Low self-esteem is bad for kids. Children who view themselves poorly tend to achieve somewhat less in school. They’re more prone to depression and anxiety. They’re rejected by their peers more often than their classmates with healthy self-esteem. They feel inadequate, and that sense of inadequacy is too often reinforced by others who give them negative feedback. They’re unable to respond to the varying demands of the world in a flexible manner. They focus on and magnify their weaknesses and negative traits while being unable to accept that they also have strengths. You can help kids avoid low self-esteem by paying appropriate attention to them. In addition, it’s good to give them tasks that are challenging yet within their reach. When they fail, it’s important not to criticize harshly, but to praise their efforts as well as provide corrective feedback. Finally, it helps if their caregivers also have healthy self-esteem.
My 5 FREE THE WRITER takeaways are:
Many factors can influence the development of a child; it is important to represent a variety of experiences in writing.

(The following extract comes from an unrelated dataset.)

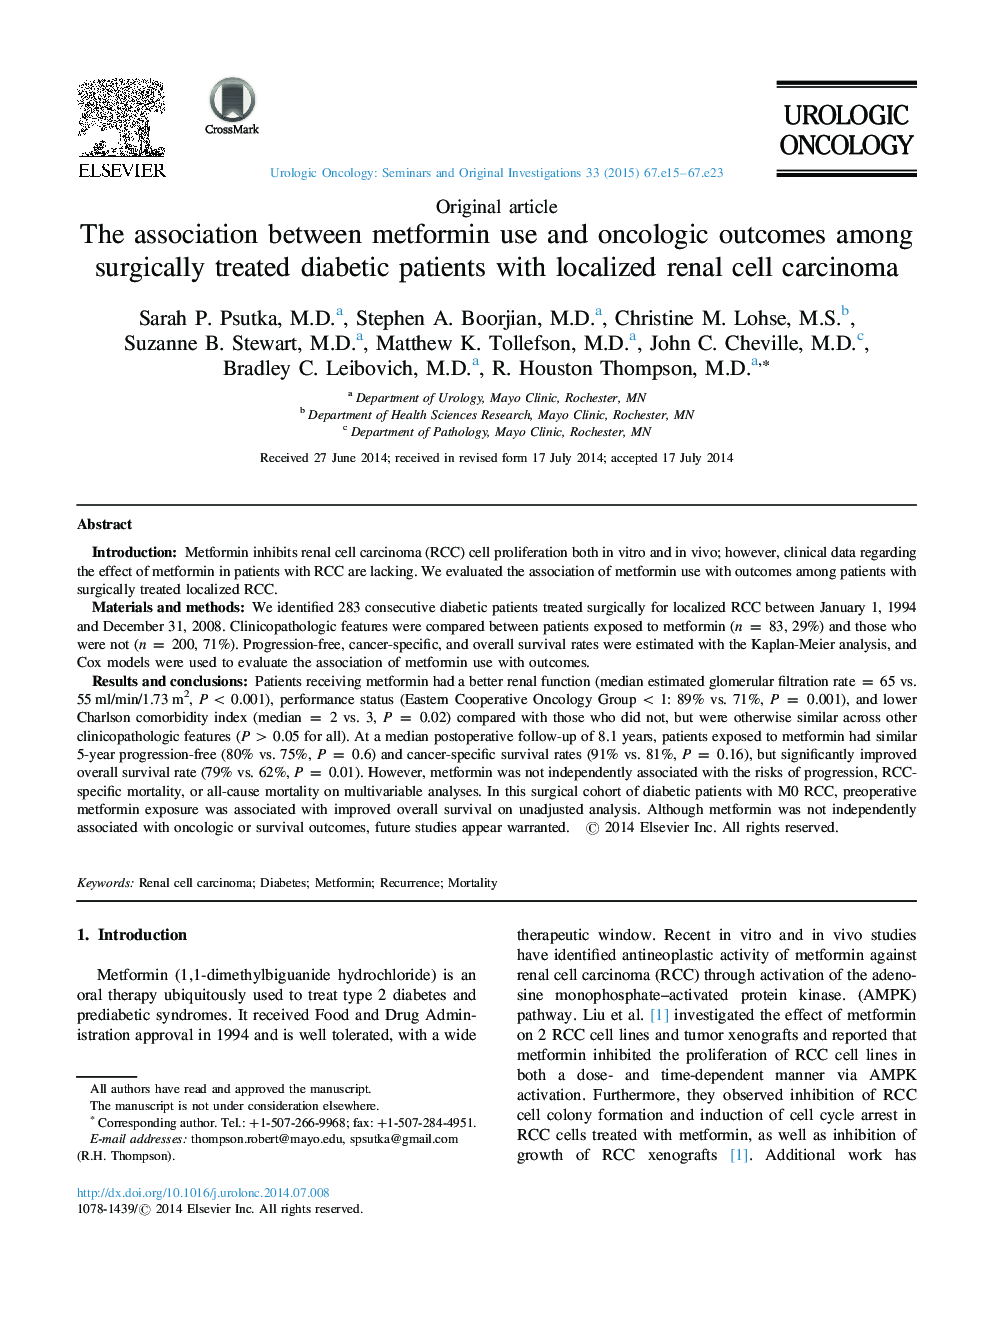 ارتباط بین استفاده از متفورمین و نتایج انکولوژیک در بیماران دیابتی تحت درمان جراحی با کارسینوم سلول های موضعی 12 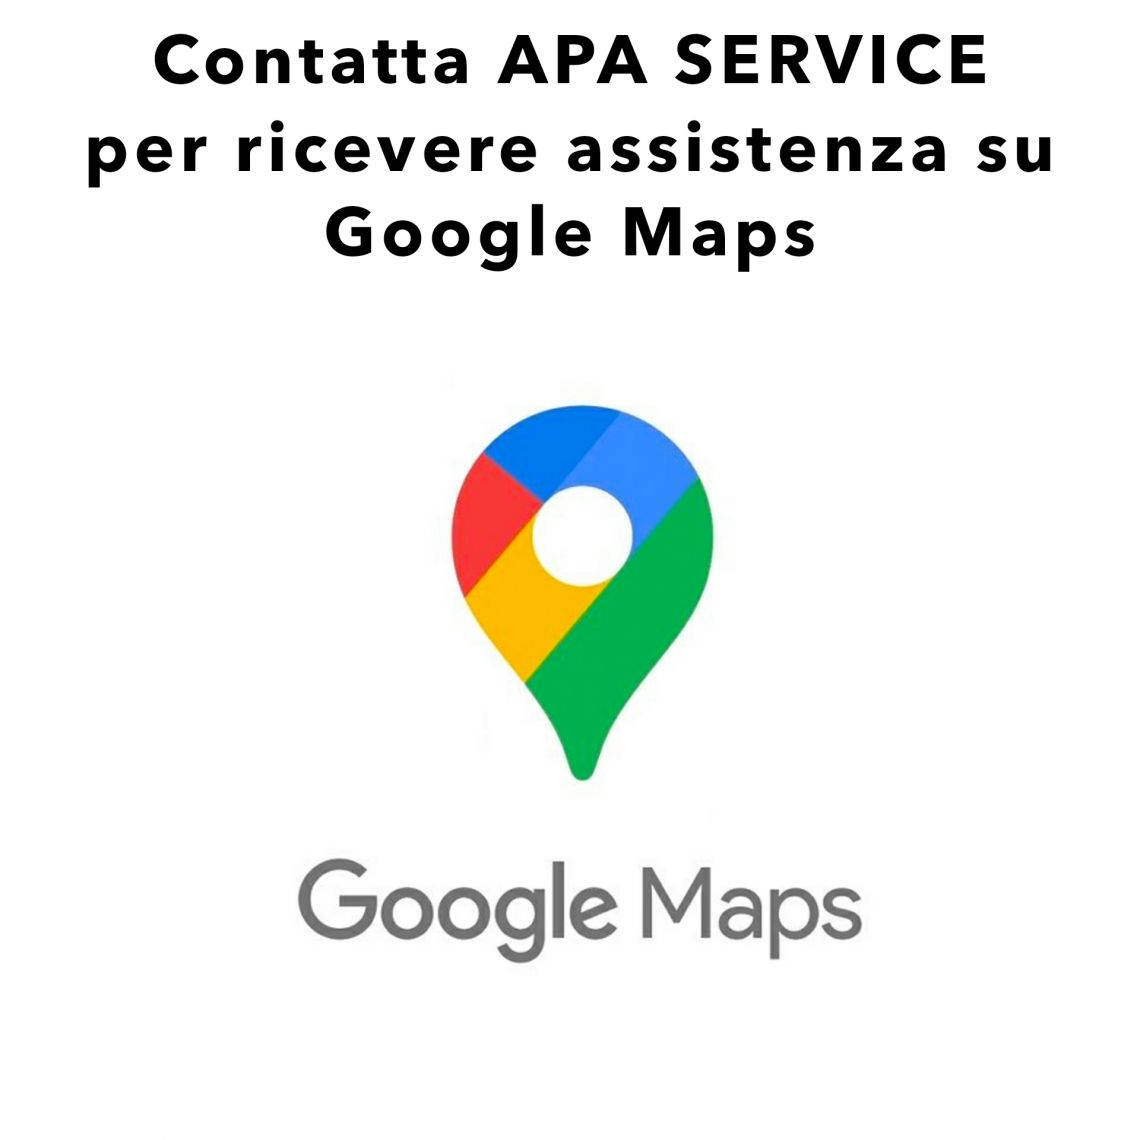 Agenzia Web per assistenza Google Maps contatta Apa Service

Children learn using modeling and observational learning, and part of this process is learning from fictional characters. This area is a writer’s responsibility.
Write stories that help build a child’s trust, independence, ability to form healthy relationships, and confidence.
Use the developmental benchmarks to connect with what children are interested in.
Intelligence consists of many abilities (not just school smarts), and all of them should be represented in books.
How do you think these concepts of psychology and child development can help you as a writer? Share your ideas in the comments below.
To free the writer today, imagine your reader. Imagine what they are interested in, what goals they have, what concepts they want to learn, what experiences they have. Try to think of an idea for a new story that represents an individual’s unique experience. Get as narrow as you can. I’m sure you’ll find something amazing.